Some guys wonder if they’ll get into legal trouble if they don’t share their HIV status. In Ontario, you’re not legally required to disclose if there isn’t a realistic chance of HIV transmission. In 2017, Ontario Crown Prosecutor guidelines changed to say that in cases where a person living with HIV is undetectable or at least six months or uses a condom, failure to disclose does not result in criminal liability for exposure to HIV, and charges will not proceed.

On the other hand, what the law says and what might be right for your relationships can be two different things. Sometimes sex happens in cruisey, non-verbal environments where there’s an understanding of certain possibilities. Sometimes someone you thought might be a one-night stand turns into someone you want to share a deeper relationship with.
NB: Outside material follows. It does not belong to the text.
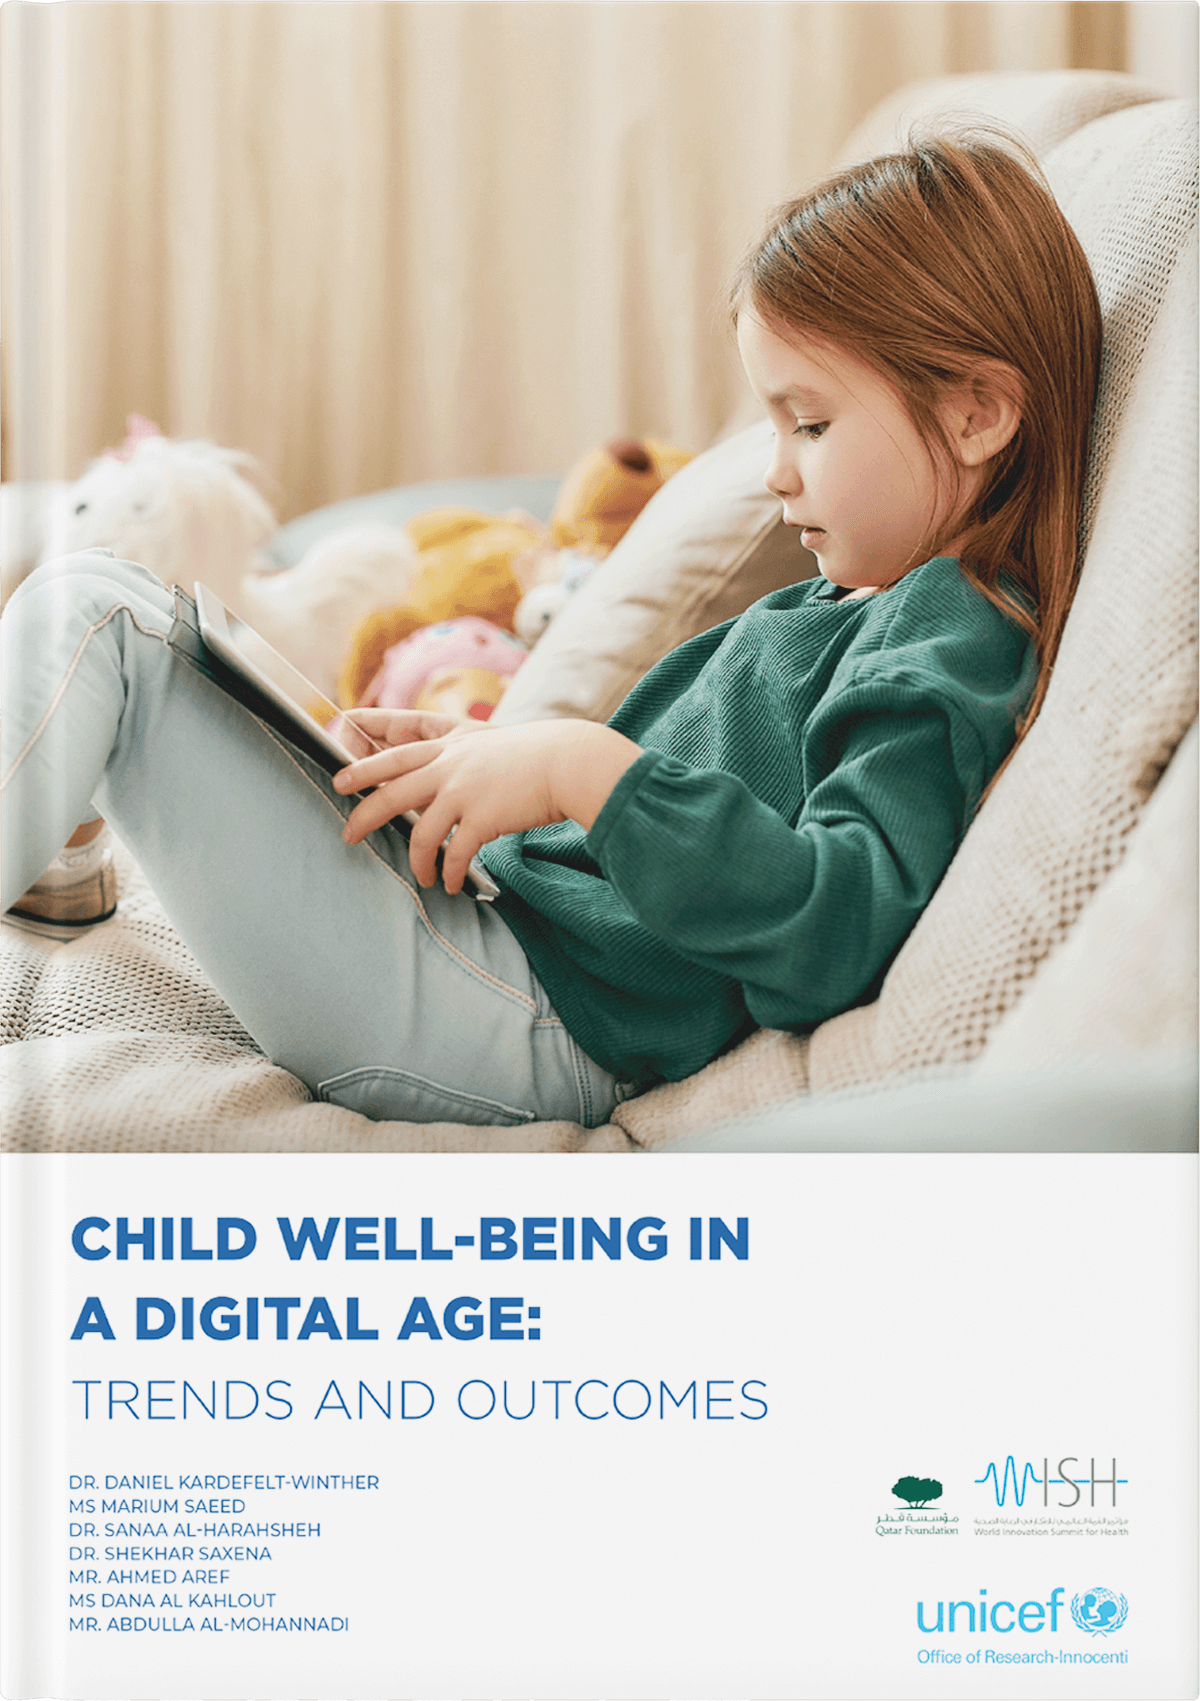 Child wellbeing in a digital age

Sometimes disclosure can put poz guys in danger.

Trust goes both ways, and as important as an HIV positive guy’s transparency is to a trusting relationship, HIV negative guys can do their part to build trust by making themselves safe people for HIV positive guys to open up to. They can do this by educating themselves on the science of U=U, and by avoiding perpetuating HIV stigma.

If you are interested in what legal experts are saying about this issue, HALCO has a very thorough legal guide about HIV disclosure that may be helpful. CATIE also has some useful information about HIV disclosure.

If someone is giving you a really hard time or talking about the legal implications of disclosure or non-disclosure, you should get in touch with HALCO right away.